Mezardaki Oğlan


墓へはいった哀れな小僧


Bir zamanlar fakir bir çoban vardı. Anası babası ölmüştü; devlet onu doyurup yetiştirmesi için zengin bir çiftçinin yanına verdi. Ama adam da karısı da kötü kalpliydi. Onca zenginliğe karşın ikisi de çok cimriydi; başkalarına ekmeklerinden bir lokma bile vermiyorlardı.
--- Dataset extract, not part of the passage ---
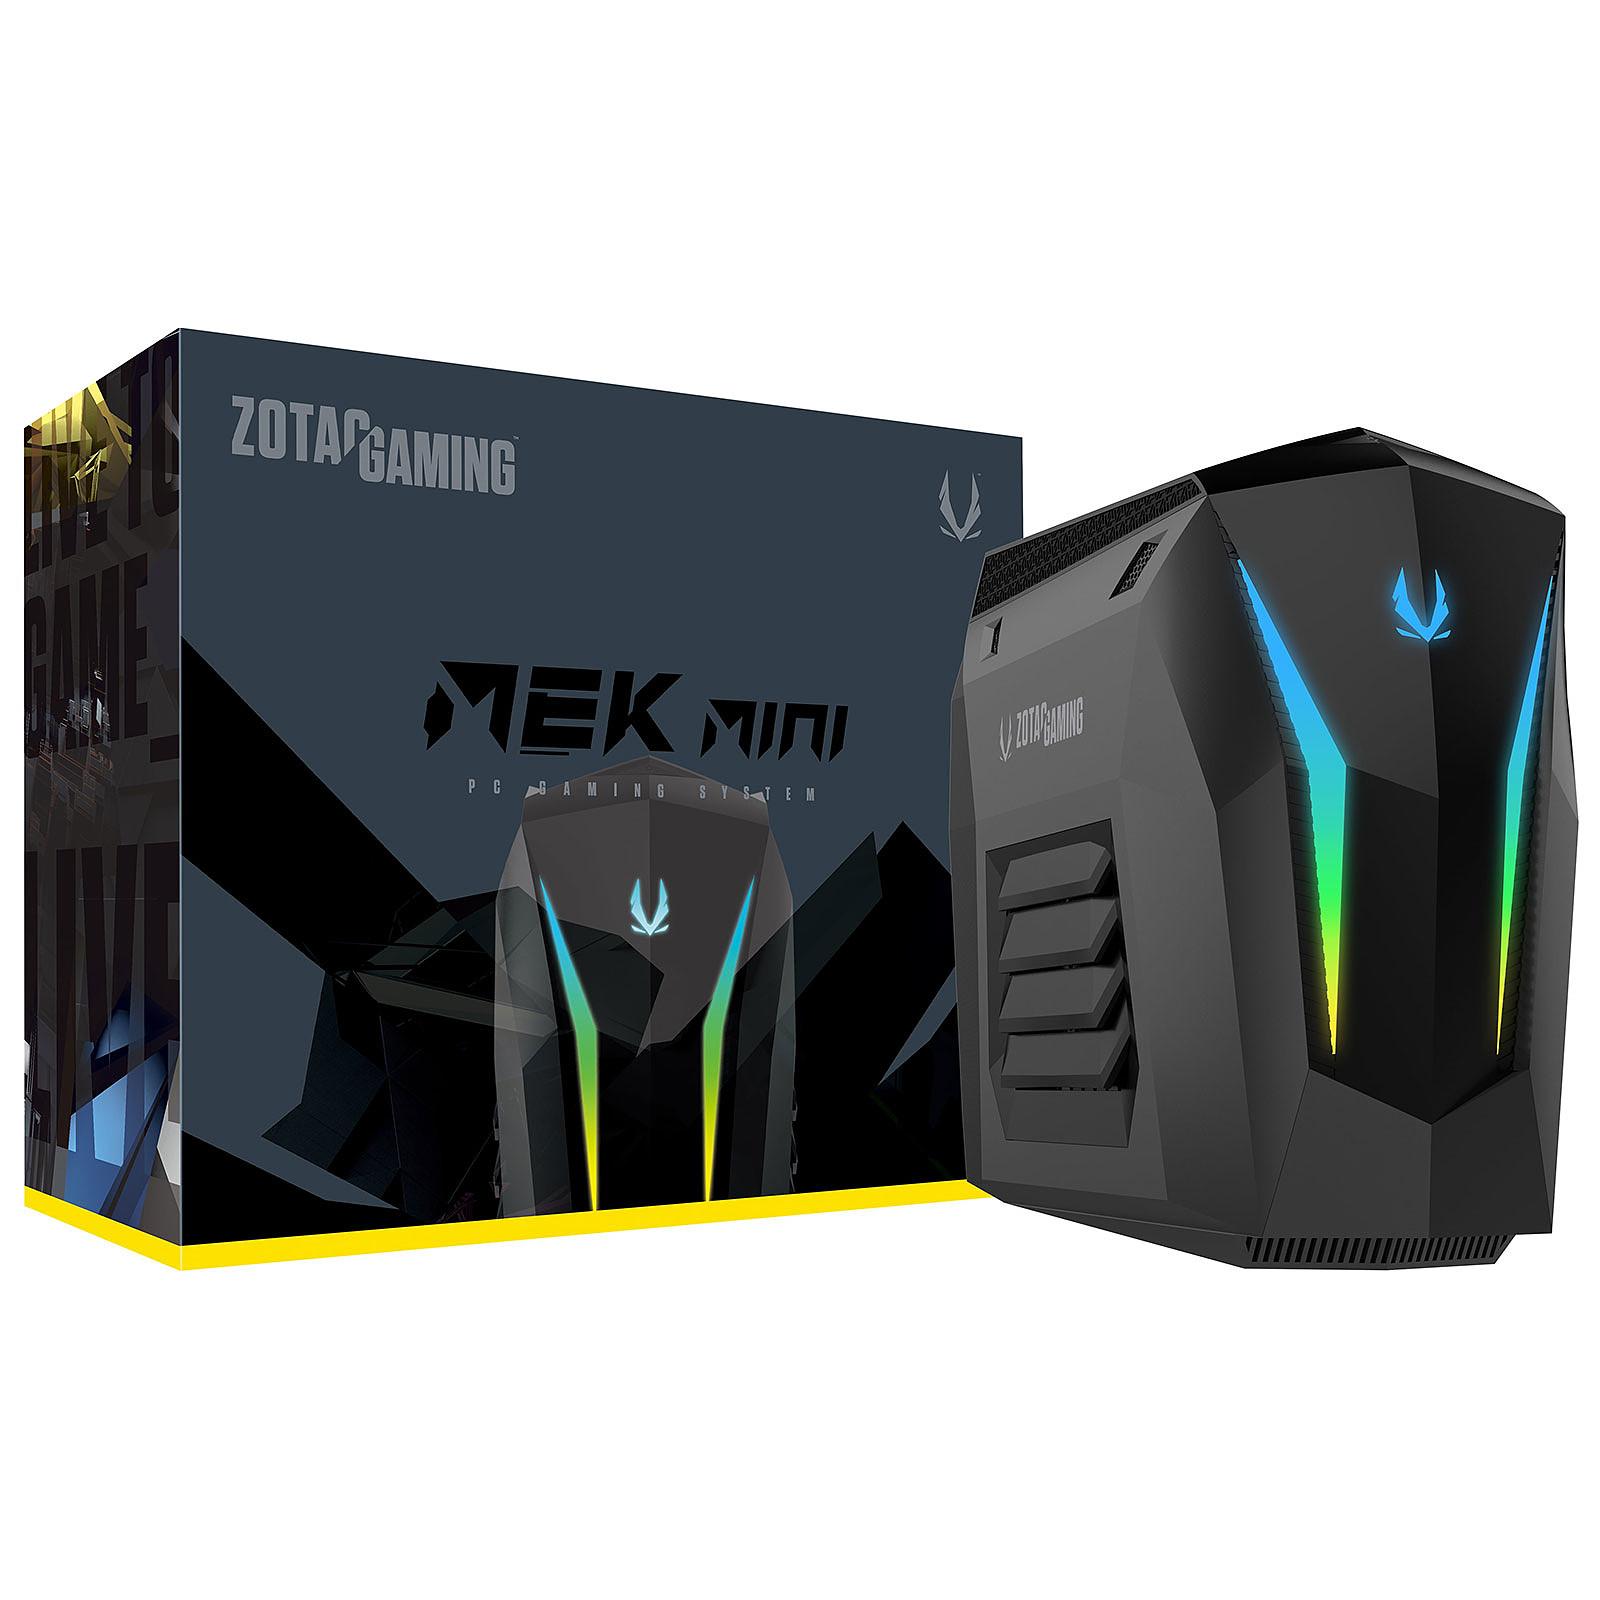 ZOTAC MEK MINI (GM2070C7R1B)

Zavallı oğlan ne yapsa onlara yaranamıyor ve yemek yerine dayak yiyordu.
Bir gün bir tavuğu civcivleriyle beraber gütmesi istendi. Ama tavuk civcivleriyle birlikte çiti aşarak dışarı çıktı. Derken bir atmaca onu yakalayıp uçup gitti. Oğlan avazı çıktığı kadar "Hırsız, hırsız, hırsız var!" diye bağırdı, ama ne fayda! Atmaca tavuğu geri getirmedi.
Çiftçi şamatayı duyunca koşarak gelip baktı, tavuğu meydanda yoktu! Öfkesinden oğlana öyle bir dayak attı ki, zavallıcık birkaç gün kıpırdayamaz oldu. Artık civcivleri anaları olmadan gütmek zorunda kaldı ve çok zorlandı. Çünkü civcivlerin biri bir yana, biri öbür yana gidiyordu. Hepsini bir ipe bağlamanın akıllıca bir iş olacağını düşündü; böylece atmaca onları çalamayacaktı. Ama yanılmıştı.
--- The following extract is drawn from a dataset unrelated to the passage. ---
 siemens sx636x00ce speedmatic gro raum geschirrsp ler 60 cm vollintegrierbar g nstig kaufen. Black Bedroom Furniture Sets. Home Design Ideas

Bir gün dolaşmaktan ve açlıktan o kadar yorgun düştü ki, uyuyakaldı. Bu arada yırtıcı kuş gelip civcivlerden birini ve böylece ona bağlı olan diğerlerini alarak bir ağaca kondu ve onları birer birer yedi.
Çiftçi eve dönüp de bu felaketi görünce kızgınlıktan küplere bindi. Oğlana öyle bir dayak attı ki, çocukcağız günlerce yataktan kalkamadı.
Tekrar ayaklandığında çiftçi ona, "Senin kafan hiç çalışmıyor, seni artık bakıcı olarak kullanamam, hiç değilse ulaklık yap!" dedi. Sonra onu bir sepet üzüm götürmek üzere yargıca yolladı ve yanına da bir mektup verdi.
Yarı yoldayken oğlanın karnı acıktı ve de öylesine susadı ki, iki tane üzüm yedi. Daha sonra sepeti yargıca verdi, ama yargıç mektubu okuyup üzümleri saydıktan sonra oğlana, "İki tane üzüm eksik" dedi.
Oğlan yoldayken çok acıkıp susadığını, bu yüzden iki tane üzüm yediğini itiraf etti. Yargıç çiftçiye mektup yazarak yine bir o kadar üzüm göndermesini istedi. Bu üzümleri de yine bir mektupla beraber oğlan götürecekti.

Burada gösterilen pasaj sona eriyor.